Anal sex is a prevalent theme in yaoi, as nearly all stories feature it in some way. The storyline where an uke is reluctant to have anal sex with a seme is considered to be similar to the reader's reluctance to have sexual contact with someone for the first time.[43] Zanghellini notes that illustrations of anal sex almost always position the characters to face each other, rather than "doggy style". Zanghellini also notes that the uke rarely fellates the seme, but instead receives the sexual and romantic attentions of the seme.[39]

Though these tropes are common in yaoi, not all works adhere to them.[44][45] Carola Bauer states that the "butch-femme" couple dynamic discussed above became essential in the commercially published fiction of the 1990s.[46] McLelland says that authors are "interested in exploring, not repudiating" the dynamics between the seme and uke.[47] The possibility of switching roles is often a source of playful teasing and sexual excitement for the characters, indicating an interest among many genre authors in exploring the "performative nature" of the roles.[36] Sometimes the bottom character will be the aggressor in the relationship,[nb 3] or the pair will switch their sexual roles.[49] Riba (リバ), a contraction of the English word "reversible", is used to describe a couple that yaoi fans think is still plausible when the partners switch their seme and uke roles.[48] In another common mode of characters, the author will forgo the stylisations of the seme and uke, and will portray both lovers as "equally attractive handsome men". In this case, whichever of the two who is ordinarily in charge will take the passive role during sex.[41]

Bara

Although sometimes conflated with yaoi by Western commentators, gay men's manga or gei comi, also called "men's love" ("ML") in English and bara in Japan, caters to a gay male audience rather than a female one and tends to be produced primarily by gay and bisexual male artists (such as Gengoroh Tagame) and serialized in gay men's magazines.[50] Bara is a smaller niche genre in Japan than yaoi manga.[51] Considered a subgenre of seijin (men's erotica) for gay males, bara more closely resembles comics for men (seinen) rather than comics written for female readers (shōjo/josei).
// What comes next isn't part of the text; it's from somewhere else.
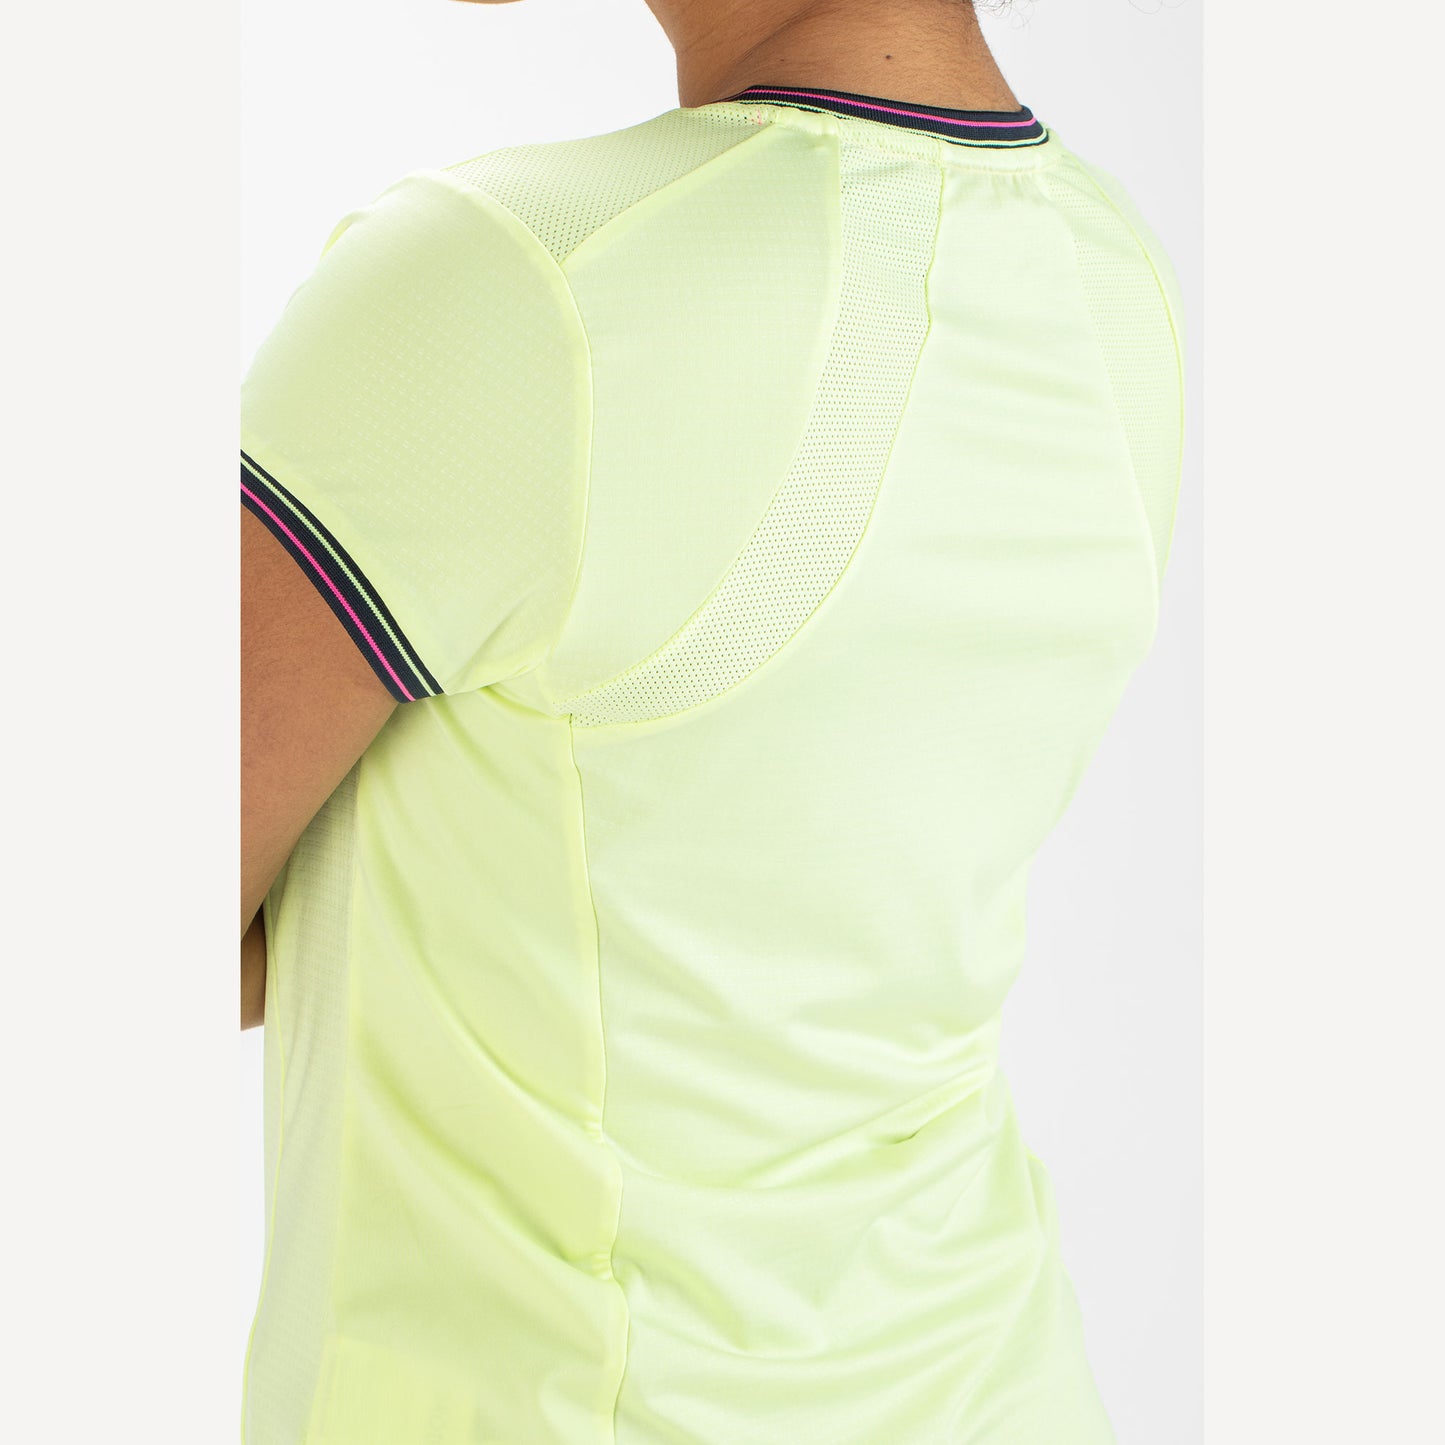 Sjeng Sports Dorothee Women's Tennis Shirt Yellow (4)

Few titles have been licensed or scanlated for English-language markets.[51]

Bara does not aim to recreate the heteronormative gender roles between the masculine seme and feminine uke types prominent in yaoi that is generally for a female audience. Gay men's manga is unlikely to contain scenes of "uncontrollable weeping or long introspective pauses",[52] and is less likely than yaoi to "build up a strong sense of character" before sex scenes occur.[53] The men in bara comics are more likely to be stereotypically masculine in behaviour and are illustrated as "hairy, very muscular, or [having] a few excess pounds"[52] akin to beefcakes or bears in gay culture. While bara usually features gay romanticism and adult content, sometimes of a violent or exploitative nature, it often explores real-world or autobiographical themes and acknowledges the taboo nature of homosexuality in Japan.
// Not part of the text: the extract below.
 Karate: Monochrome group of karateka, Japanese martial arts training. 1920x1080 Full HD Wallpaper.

The gachi muchi ("muscley-chubby") subgenre of boys' love, also termed bara among English-speaking fans,[54] represents a crossover between bara and yaoi, with considerable overlap of writers, artists and art styles. This emergent boys' love subgenre, while still marketed primarily to women, depicts more masculine body types and is more likely to be written by gay male authors and artists; it is also thought to attract a large crossover gay male audience.[55] Prior to the development of gachi muchi, the greatest overlap between yaoi and bara authors was in BDSM-themed publications[54] such as Zettai Reido, a yaoi anthology magazine which had a number of openly male contributors.[15] Several female yaoi authors who have done BDSM-themed yaoi have been recruited to contribute stories to BDSM-themed bara anthologies or special issues.[54]

Thematic elements

Diminished female characters

Female characters often have very minor roles in yaoi, or are absent altogether.[56][57] Suzuki notes that mothers in particular are portrayed in a negative light, for instance in Zetsuai 1989 in which the main character as a child witnesses his mother murdering his father. Suzuki suggests this is because the character and reader alike are seeking to substitute the absence of unconditional maternal love with the "forbidden" all-consuming love presented in yaoi.[58] Nariko Enomoto, a yaoi author, states that when women are depicted in yaoi, "it can't help but become weirdly real".[59] When fans produce yaoi from series that contain female characters, such as Gundam Wing,[60] the female's role is typically either minimized or the character is killed off.[57] Yukari Fujimoto states of shōnen manga series used as inspiration for yaoi that "it seems that yaoi readings and likeable female characters are mutually exclusive."[61]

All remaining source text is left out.